Rule will be applicable for the settings where claims have been brought up by the plaintiff on behalf of the employee such as concerning the payments of pension, which could have been paid by the company if company had not suffered the loss. Rule will also be applicable if the claim is brought up in the capacity of the creditor of the company for the repayments which company could have managed to pay if it doesn’t undergo the loss of its own. Rule will stand applicable and valid as long as the claims remain intact, regardless of the form of the sought relief, concerning any duties or levies which company could claim for itself. It is usually considered that even thought the claims of the company could have been met by the defence of the defendant or the defence of the person who committed wrong but plaintiff could still be restrained to go into the proceedings for the personal claims as per the no reflective loss principle regardless of the fact that issue of double recovery and the creditor’s claims is not being arising. However, this issue stills need the consideration in the Hong Kong as the matter is not yet settled that whether this rule applies on the circumstances where defendant that the plaintiff seeks to sue is different from that defendant which company deems to sue.
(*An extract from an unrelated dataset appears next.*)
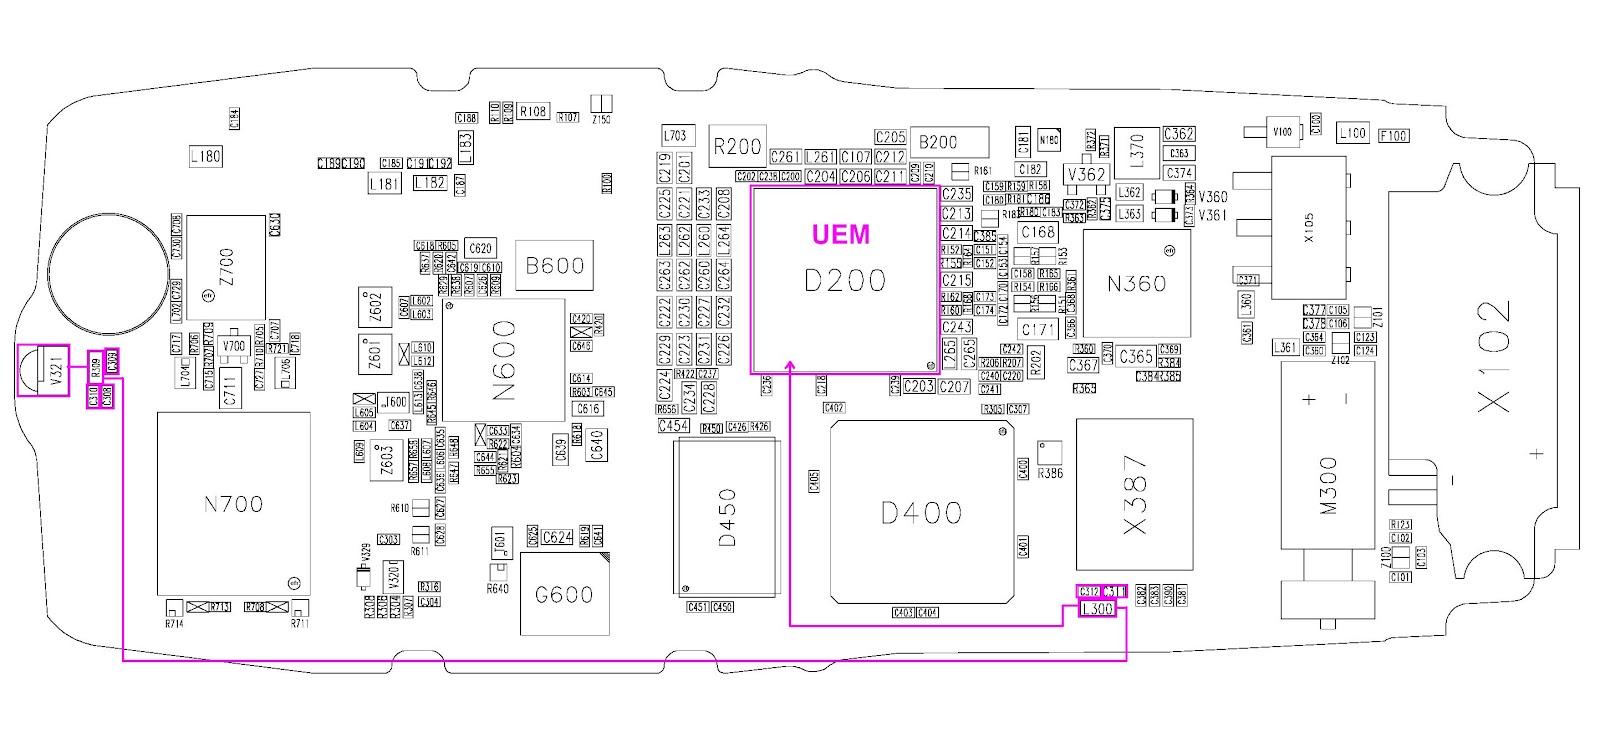 medium resolution of circuit diagram nokia 1100 wiring diagram mega circuit diagram nokia 1100

Situations where Rules against the Reflective Loss does not Apply
After getting out of the question of how to incorporate a company in Hong Kong and for the circumstances where the loss of the member and the company is distinct and separate from the loss of the company, member is entitled to pursue his / her personal actions for such circumstances. To determine and examine the situation to affirm the understanding that loss of member is distinct and separate from the loss of member, Court of Appeal introduces and subsequently applied the test, to determine whether the alleged loss enables company to compensate, once it recovers its own loss. Such financial loss of the member which company could have paid to them if itself does not suffer a loss, is regarded as reflective loss. Basically, a loss which member have sustained to deem to sustain due to their inability to recourse the company’s capital or funds, which company could not have sustained itself, will be considered as the separate and the distinct loss. This can better be understood by referring to the case of Gore Wood and Co, where the plaintiff who was also a shareholder of the company deems to brought a personal action against his solicitor, on the basis of the argument that solicitor is found to be in the breach of duty of care, owed to the company and to the plaintiff. The extent of duty of care owed personally to the plaintiff arises from the same facts as it was for the company. The House of Lords struck out plaintiff’s claims for the payment and the award of compensation for his loss, on the grounds that company would have paid the sought compensation to the plaintiff’s pension fund if it did not suffer the alleged loss by the negligence of the solicitor. The House of Lords denies award of compensation because such pray falls within the jurisdiction of reflective loss, but The House of Lords accepted the concept of enhancement or increment in the pension fund and thus enhancing value of the pension, if company could had been able to make the pension payment thus accepting this loss, a separate and distinct loss.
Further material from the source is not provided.